| Required work |
Keep the lines exact and the pictures out as you repeat the following listing.

| The data |
━━━━━━━━━━
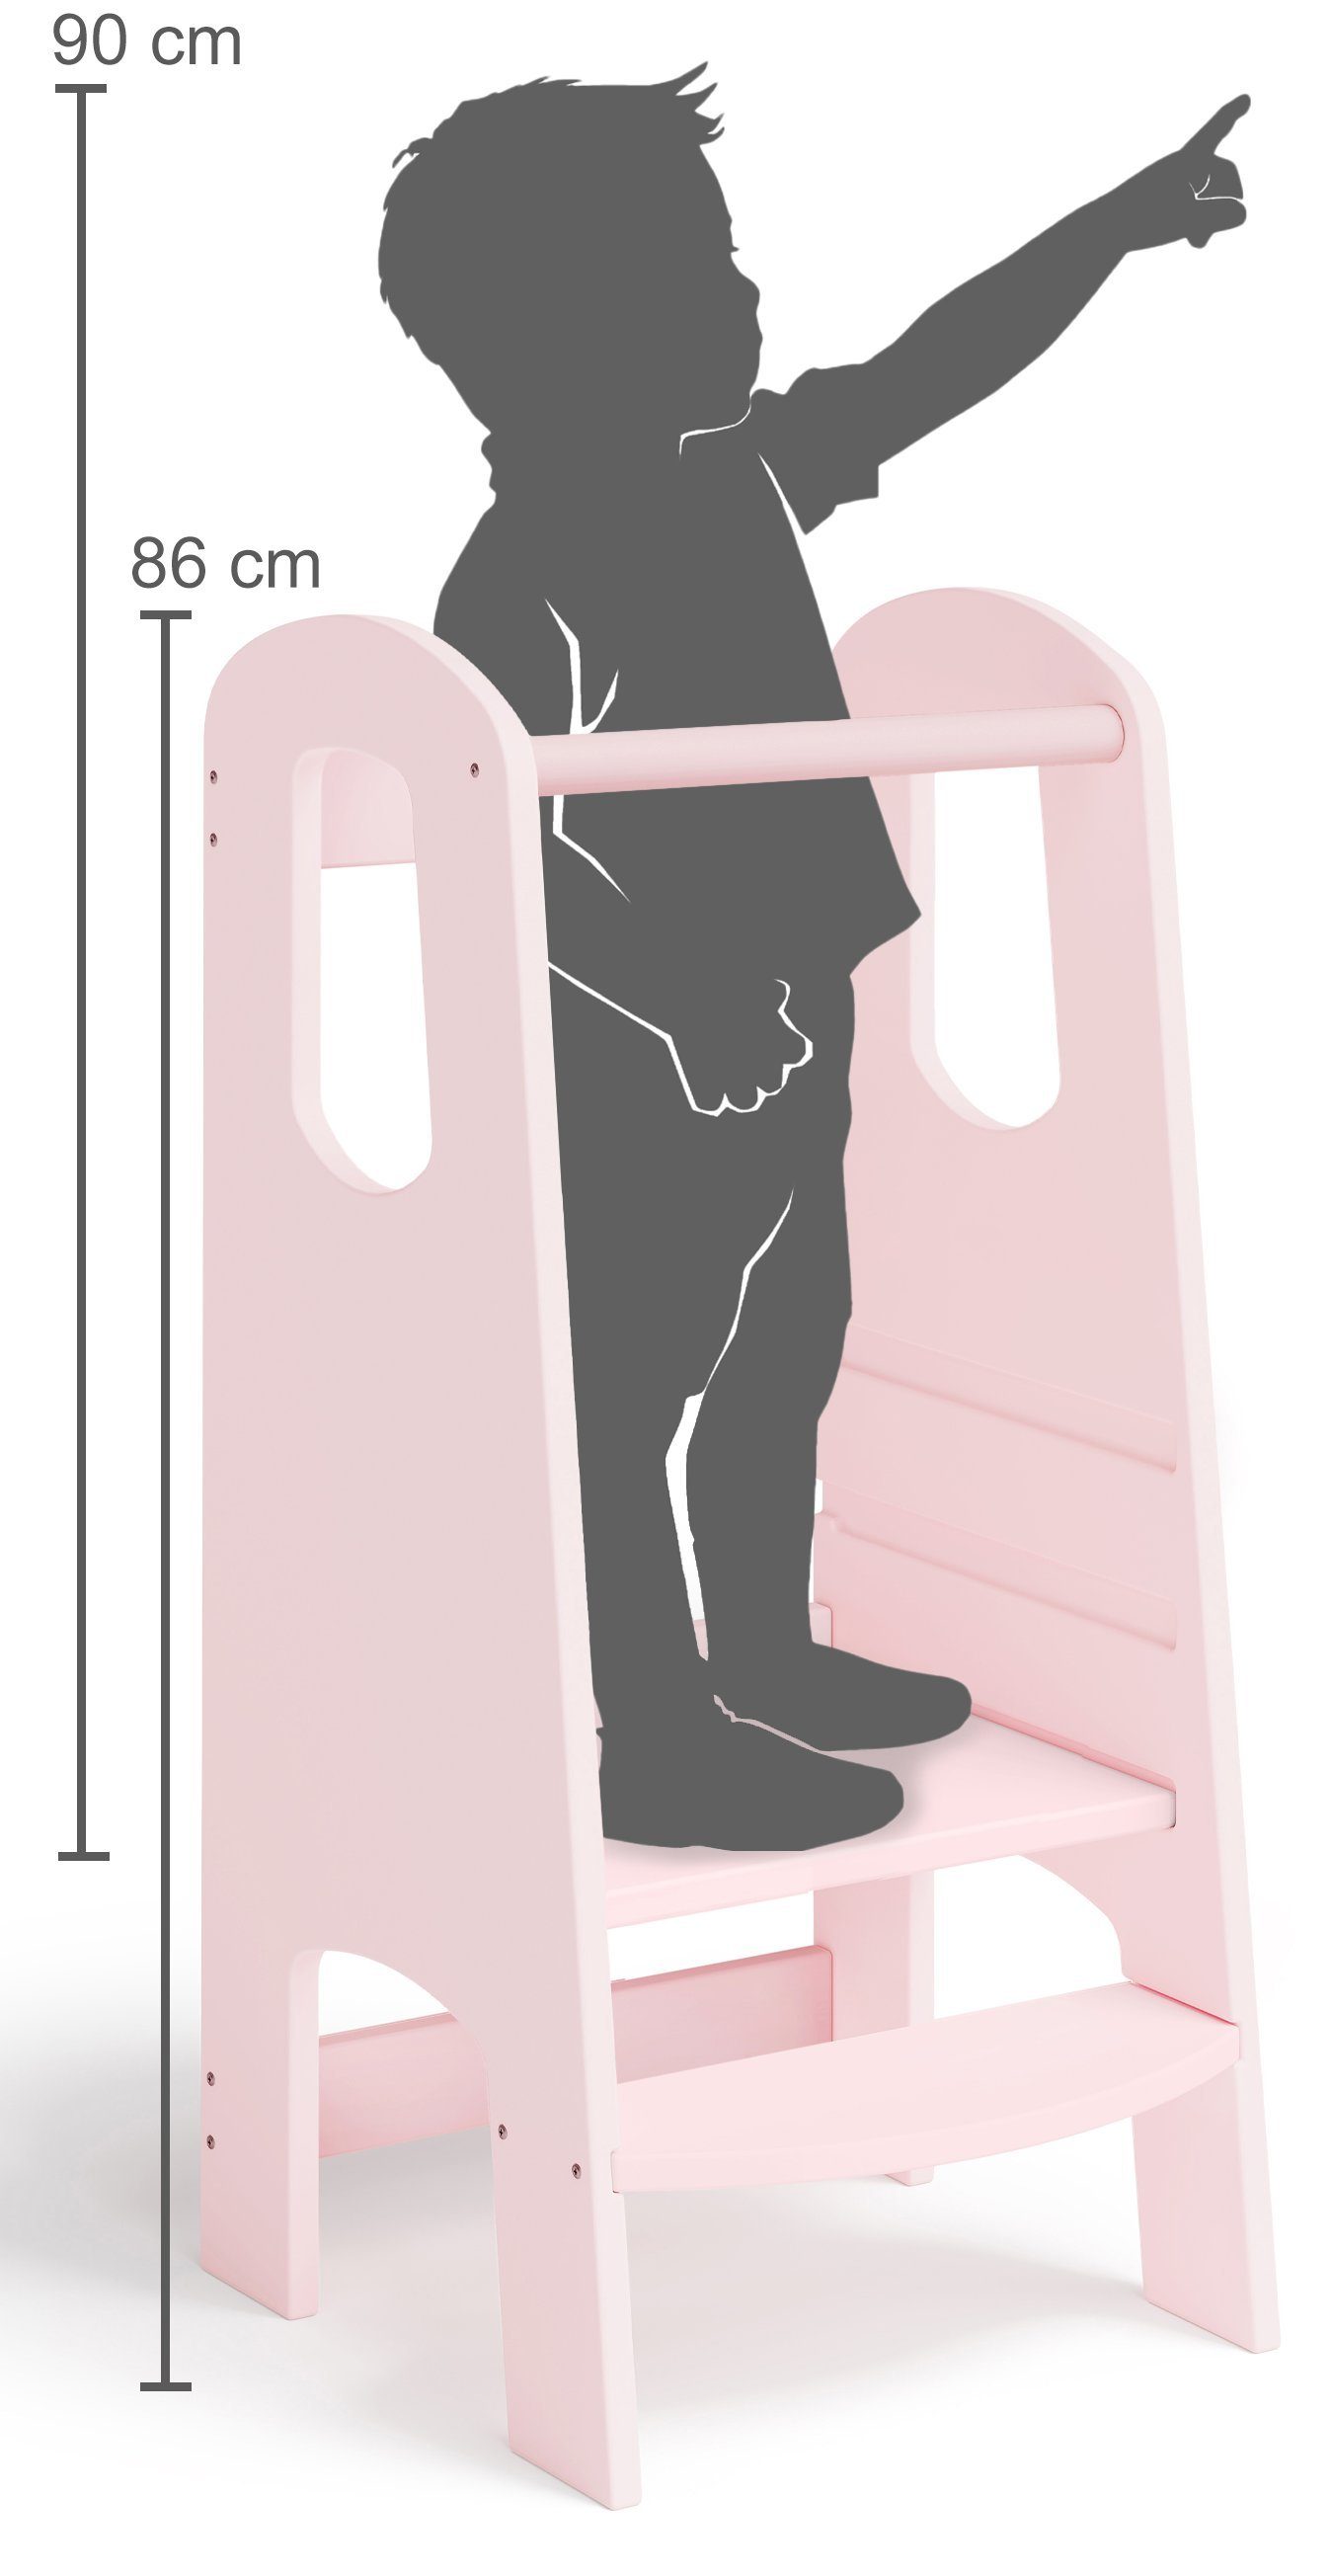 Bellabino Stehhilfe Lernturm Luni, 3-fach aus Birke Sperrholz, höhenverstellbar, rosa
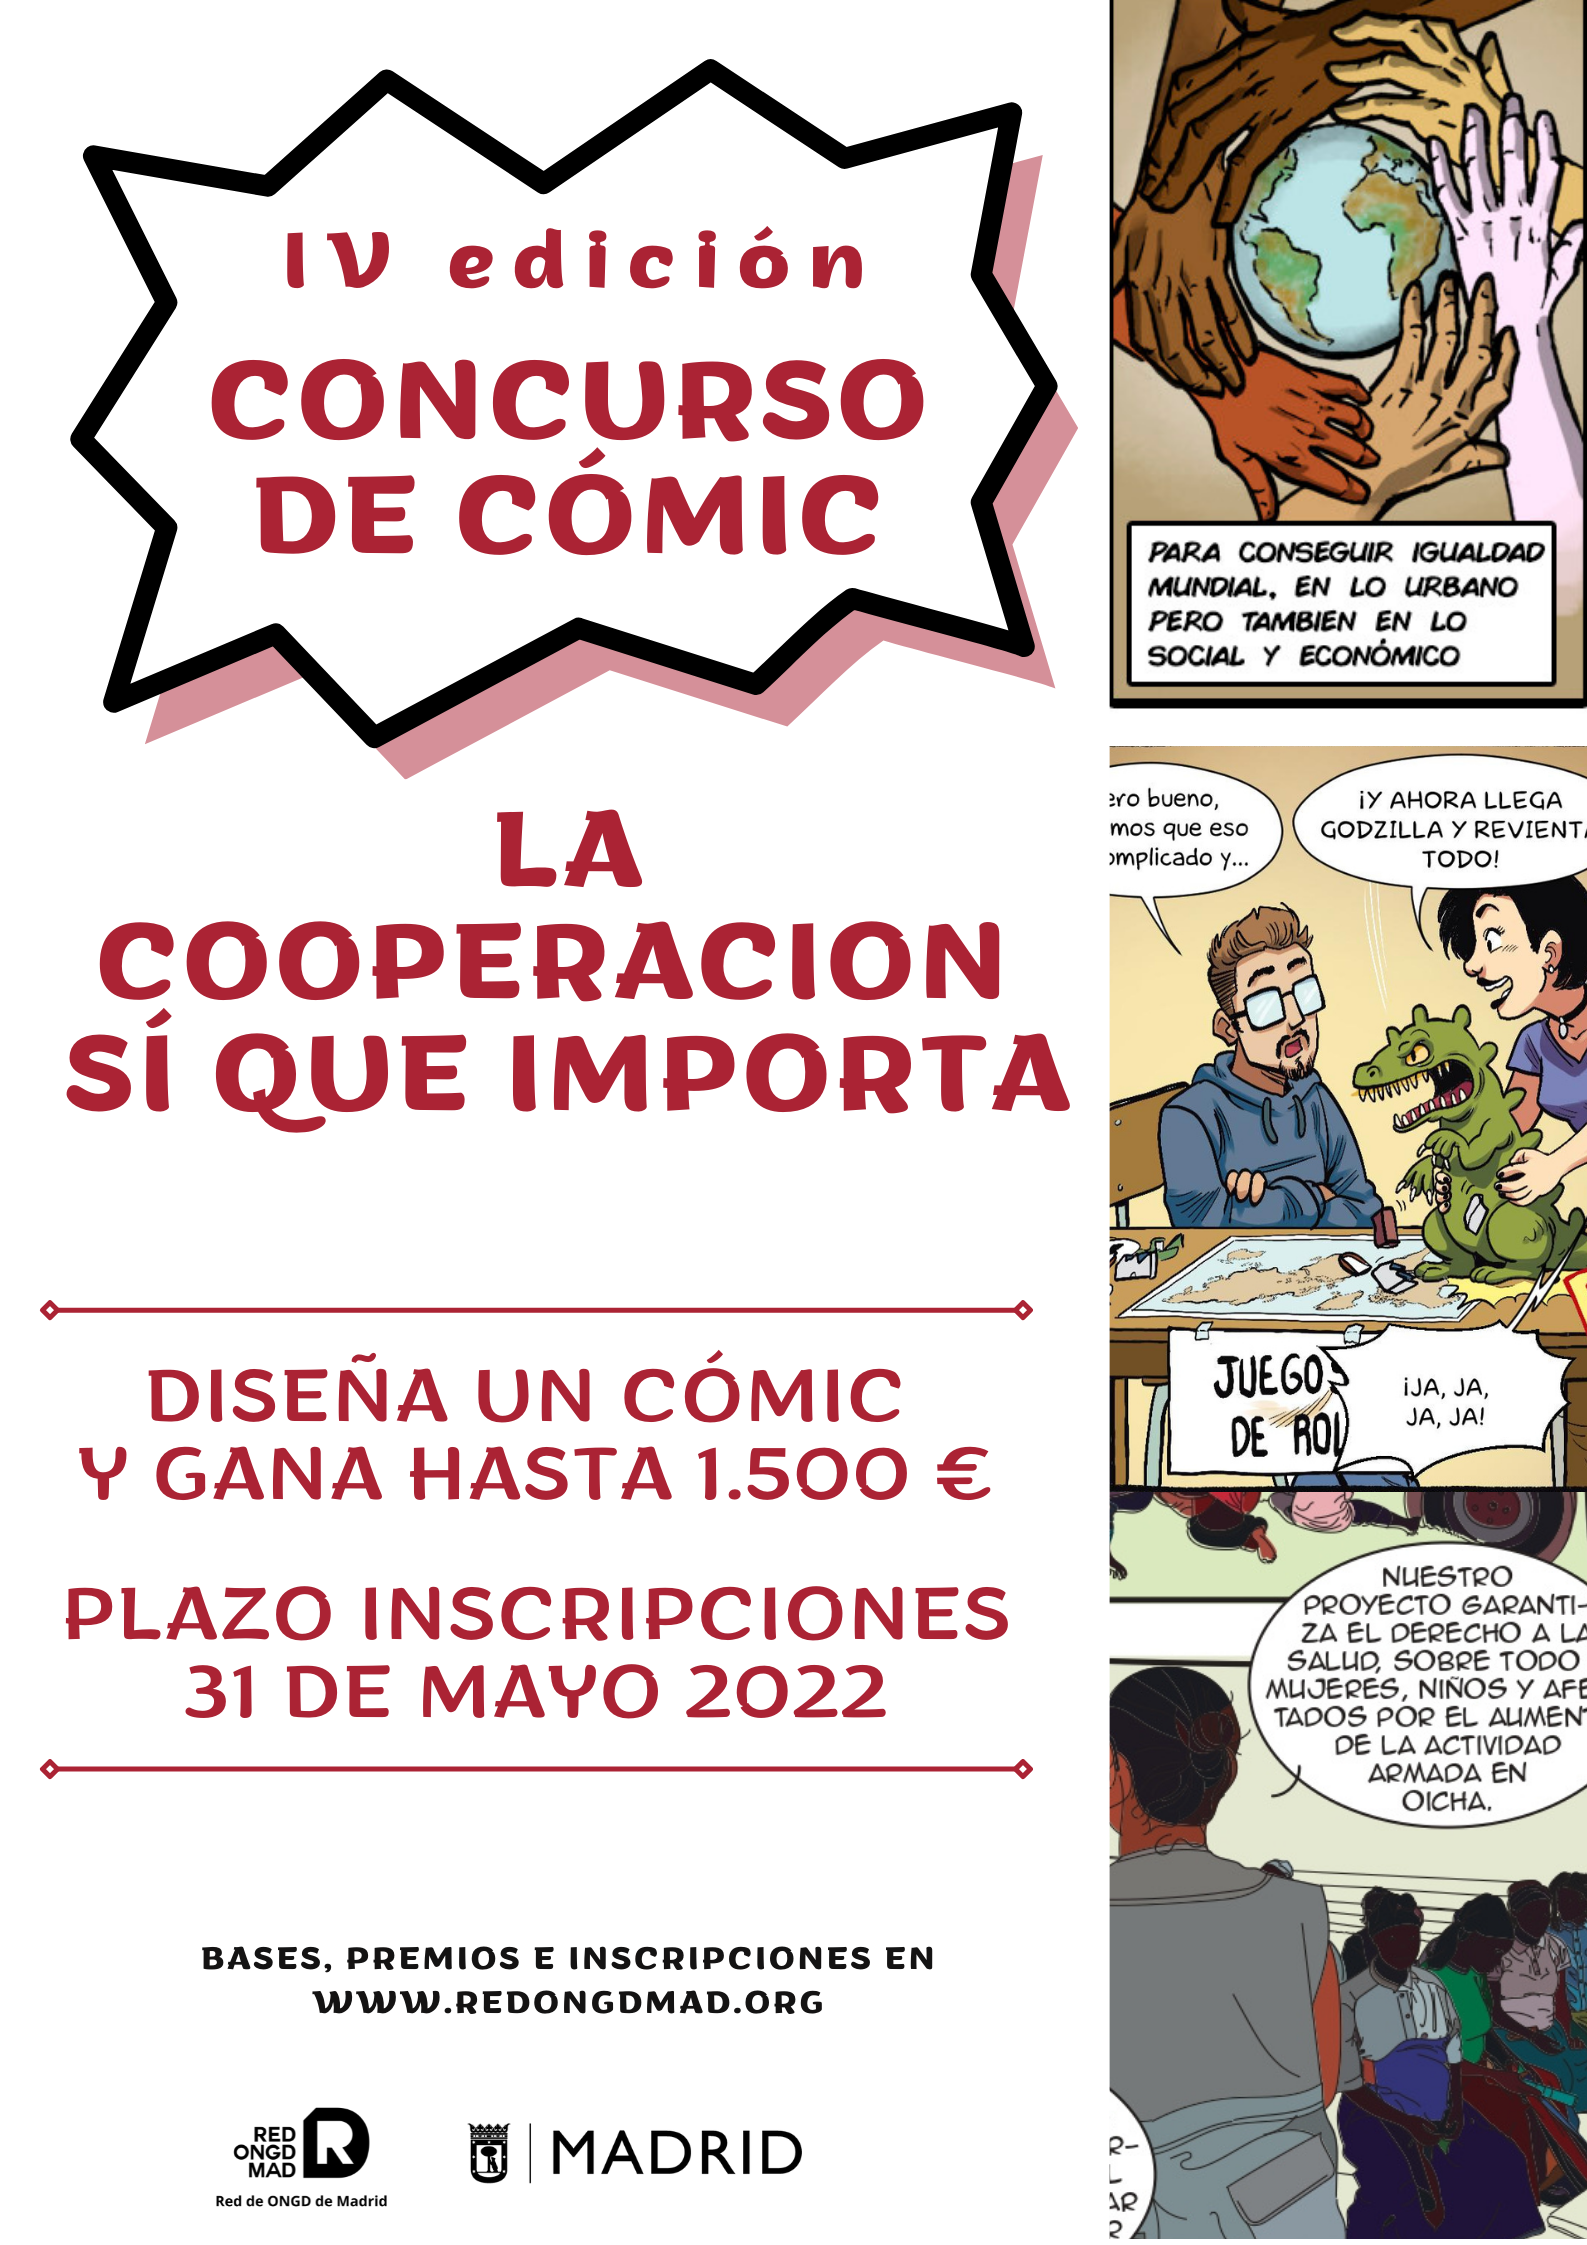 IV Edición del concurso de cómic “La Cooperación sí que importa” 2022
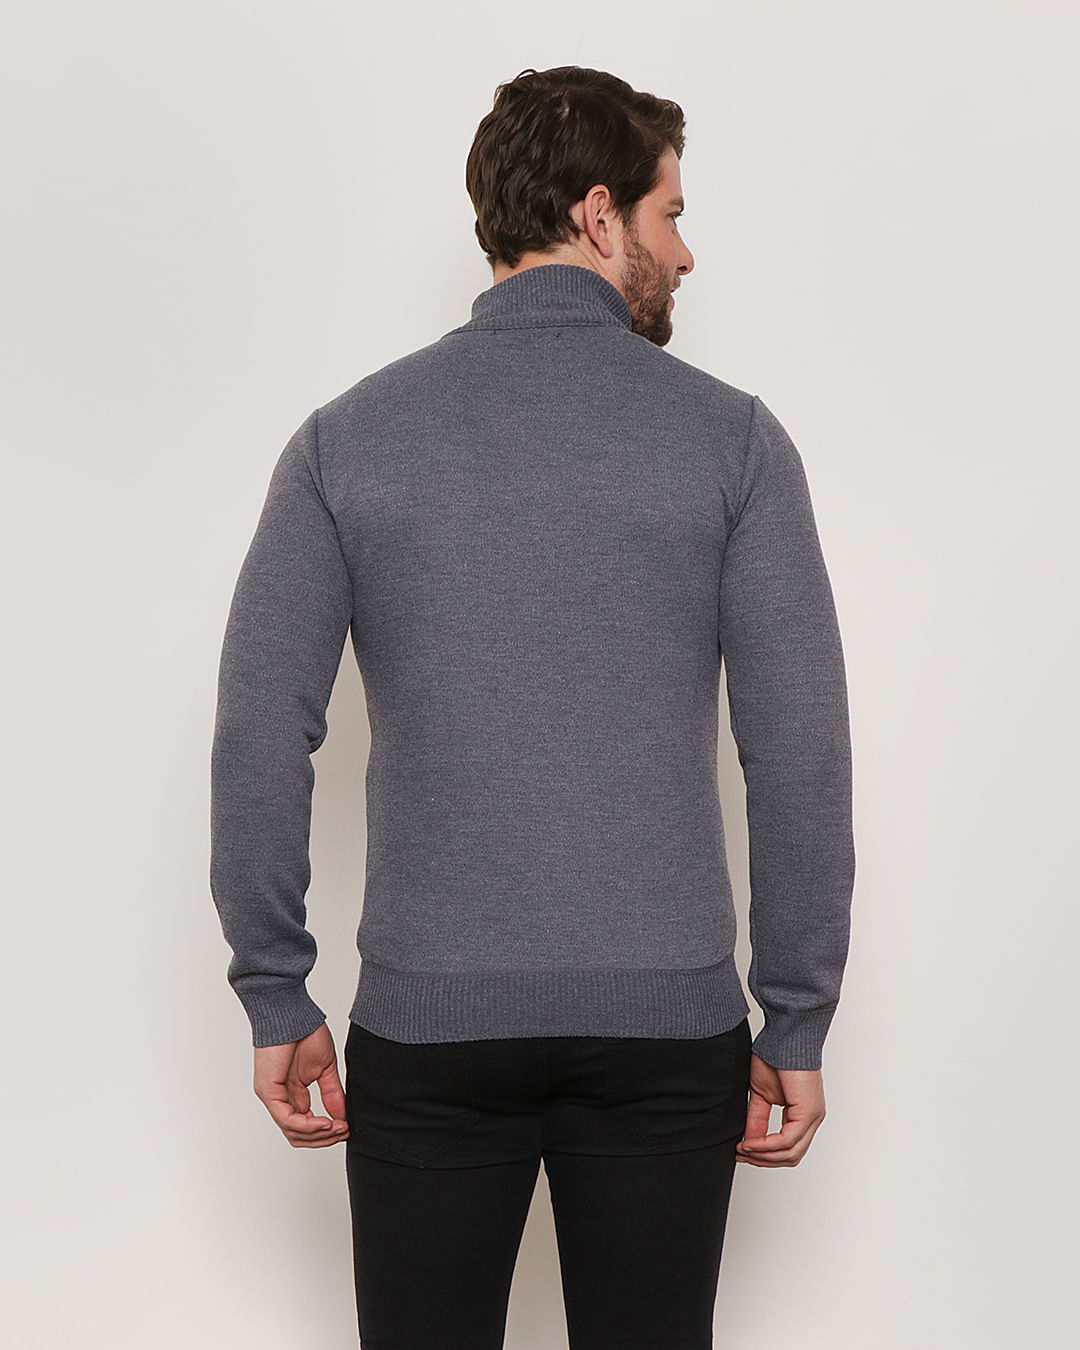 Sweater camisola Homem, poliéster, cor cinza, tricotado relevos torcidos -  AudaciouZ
━━━━━━━━━━
| Answer to this task |
 Bellabino Stehhilfe Lernturm Luni, 3-fach aus Birke Sperrholz, höhenverstellbar, rosa
 IV Edición del concurso de cómic “La Cooperación sí que importa” 2022
 Sweater camisola Homem, poliéster, cor cinza, tricotado relevos torcidos -  AudaciouZ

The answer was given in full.